Pressure on the academics and extra-curricular work hasn’t been this great, since… I don’t know. It’s been hard juggling the creation of a good mini thesis while handling the local college council’s final (maybe, even biggest) event, not even mentioning my org projects, together with some other personal self-fulfillment projects.

No, I am not trying to be the role model of the modern day feminism.

Maybe I just did put so much on my plate; maybe I’m trying to prove something to myself, or some other self; HECK MAYBE I’M REALLY JUST WORKAHOLIC, and I love it.

But lately the workload and great pressure have put me into a really distracting position. Most of the time I’ve been thinking how to handle everything, and handle them fine, mostly I’m thinking of ways and strategies, I have been thinking so much, in turn, been doing less. I’m distracted of the many things I have to do, of the many things I want to do.

I am overwhelmed.

Maybe I should stop thinking and start doing.

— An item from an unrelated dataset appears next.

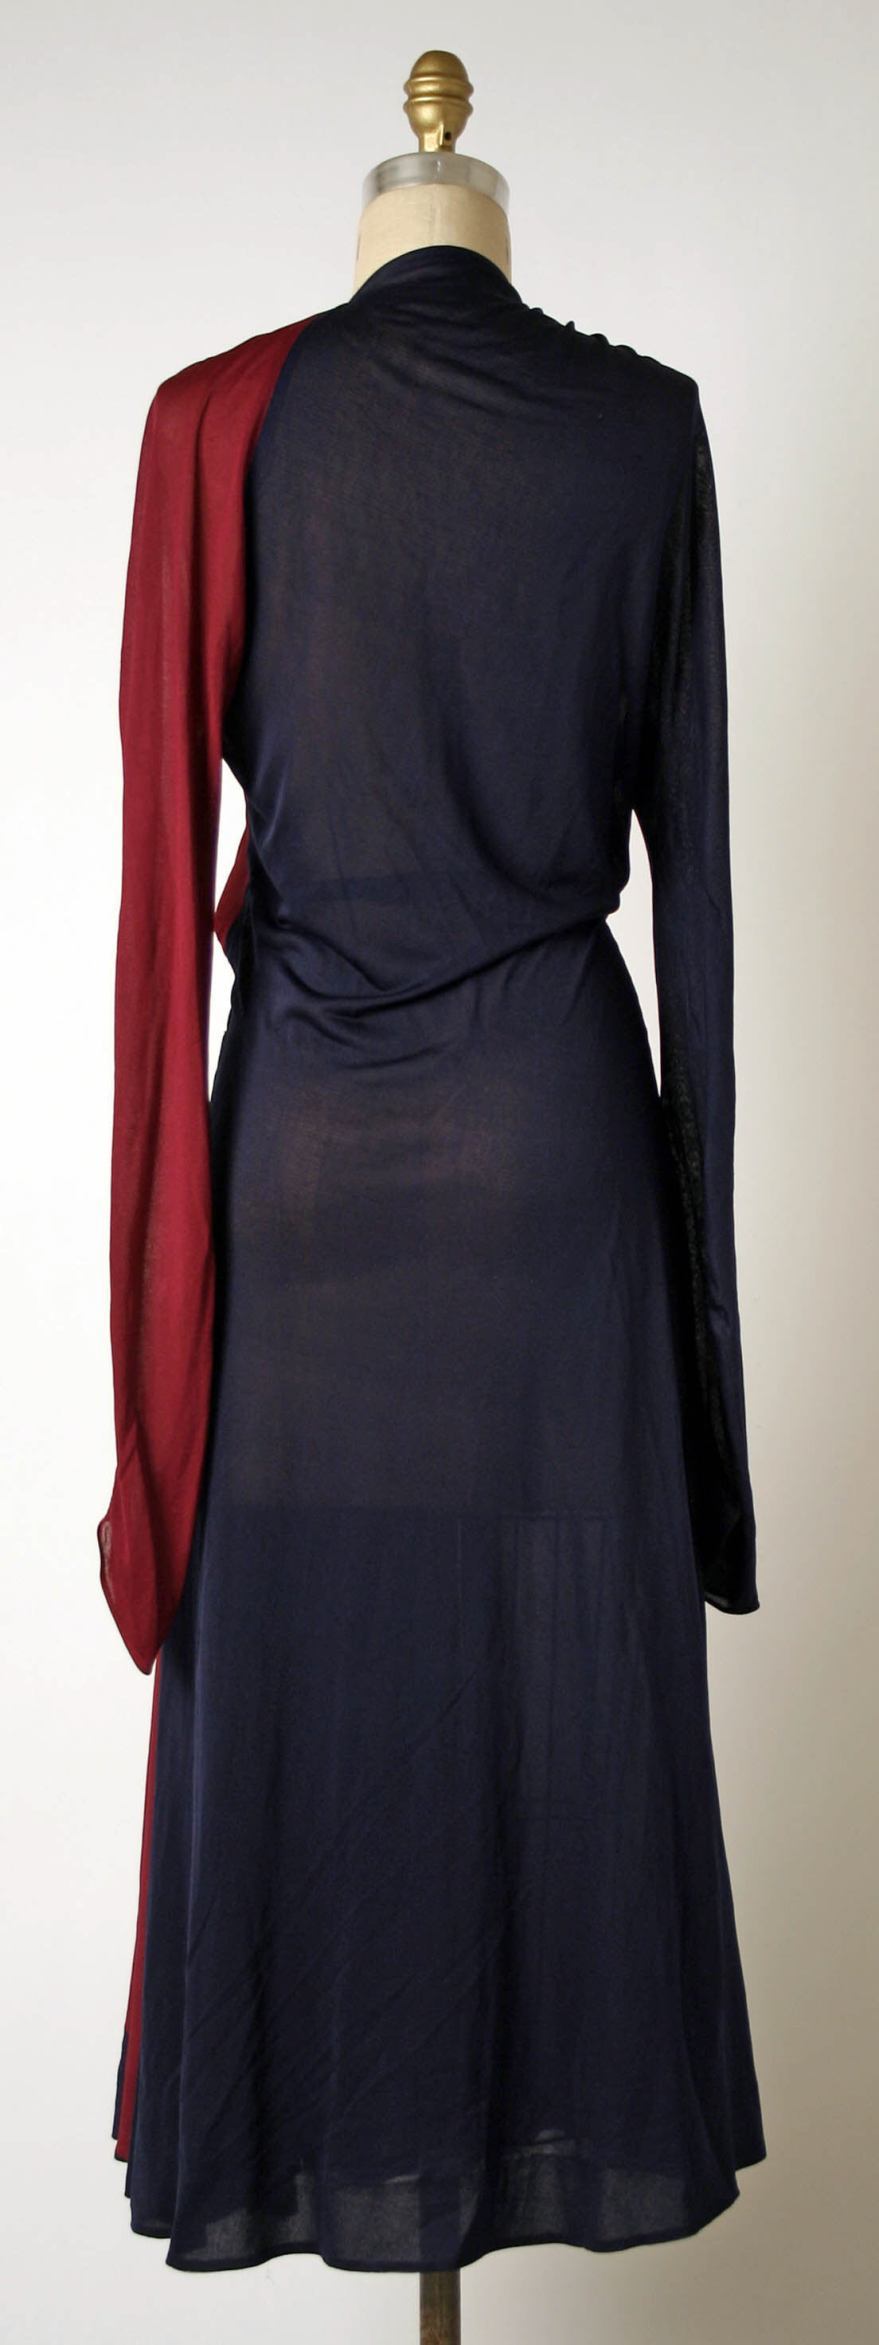 Afternoon dress Madame Grès (Alix Barton) (French, Paris 1903–1993 Var region)2

Yet, I can only blame so much on the pressure. Lately I have been feeling needy. Maybe it’s a part of the stress package, but it’s really dragging me.

I miss having a constant companion. I miss not being this independent (not that I’m saying it is a bad thing). I miss having that one person who you can always try something new with, do some old things with…

I miss having warm hugs instead of snuggy sweaters. Those lazy afternoons watching movies between the sheets, and still be able to call it a perfect day.

I enjoy my own company. Hell I can, and am willing to try things by myself… it’s just that it’s more fun having that someone around to spike any ordinary occasion into a special event.

I don’t know. Maybe I miss the idea. Maybe I miss the idea of the old one. Maybe I miss him.

Maybe it’s just stress.

"You’re the coolest girl I know…" "There’s really something in you I find irresistible." "I really admire how you’ve become so independent." Well, I miss you.
Maybe

Maybe, just maybe, I’m starting to like you. I think you are amazing, and it’s funny how we get along. I am unsure of what’s going on, but I know I enjoy what’s happening, I enjoy your company, our talks. I want to start this right, if there’s anything that’s gonna start. I want to take this slow. I want to get to know you.


It’s been almost seven years since I had my first pet cat. We haven’t had one before. My dad’s colleague gave them to him, and with some consideration, he accepted them, thinking they will be housed for only a few weeks then will be given away.

Milo had a sister we named Daphne (we’re bad in naming them, sorry). They were a week old when we got them, but Daphne died a few days after their arrival.

I found Milo too adorable to be abandoned. I fed him, cleaned his dirt, even cooked meals for him (I had a cat food cookbook, huhu), I bathed him. I felt like I am his mother, and having him was like a fulfillment of every girl’s little doll fantasy.

Milo is a sweet alpha male cat. A few years ago, he had decided to leave, but not for good. He wanted to live outside, not confined in a house with no other of his kind, and with no nature that surrounds him. We let him, as we trust he’d always come back, and he does.

I had been busy. With academics, work, etc. I haven’t noticed he hasn’t come back for more than a month now. Milo has been obviously becoming old, his battle scars are all evident on the stretch of his body. Maybe he is now gone.

Just the thought brings me to tears.

I hope he comes back soon enough, or I just wish he’s happy and at rest.

I hope I had been a good owner to him.

Bebeboy, mamagirl will always love you (yes, ‘yon tawag ko sa kaniya). *tears* 

Someone’s been growing on me lately.